The logistic growth model is an example of nonlinear regression due to its S-shaped curve. To fit a logistic model to data, one must identify the best-fitting parameters (\(a, b, c\)) using nonlinear regression methods. This process typically involves:
  • Choosing a mathematical model appropriate for the data.
  • Using software tools or calculators that support nonlinear regression.
  • Iteratively adjusting parameters to minimize the difference between the predicted and observed data points.
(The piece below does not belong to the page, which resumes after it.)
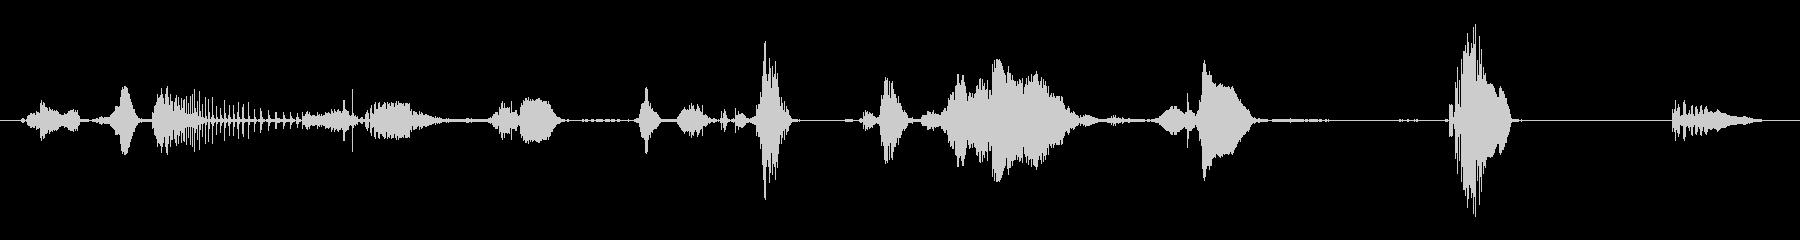 Baby B:幸せな発声の未再生の波形

This sophisticated curve fitting allows researchers to accurately model complex real-world phenomena that simple linear models cannot.
Carrying Capacity
Carrying capacity is a fundamental concept in ecology but is also relevant in various scientific fields that involve growth models. It defines the maximum population size that an environment can sustain indefinitely, given the resources available.
In the logistic growth model \(\left( y = \frac{c}{1+a e^{-b x}} \right)\), the parameter \(c\) represents this carrying capacity. Essentially, it signifies the upper bound that the logistic curve approaches as time progresses.
The concept of carrying capacity is vital in planning and management across different domains:
  • In wildlife management, understanding the carrying capacity helps gauge how many animals a habitat can support.
  • For urban planning, it can inform decisions on infrastructure and resources needed to support human populations.
  • In resource management, it aids in sustainable use strategies that prevent resource depletion.
Recognizing this limit allows for better prediction, planning, and application of growth models to real-world situations.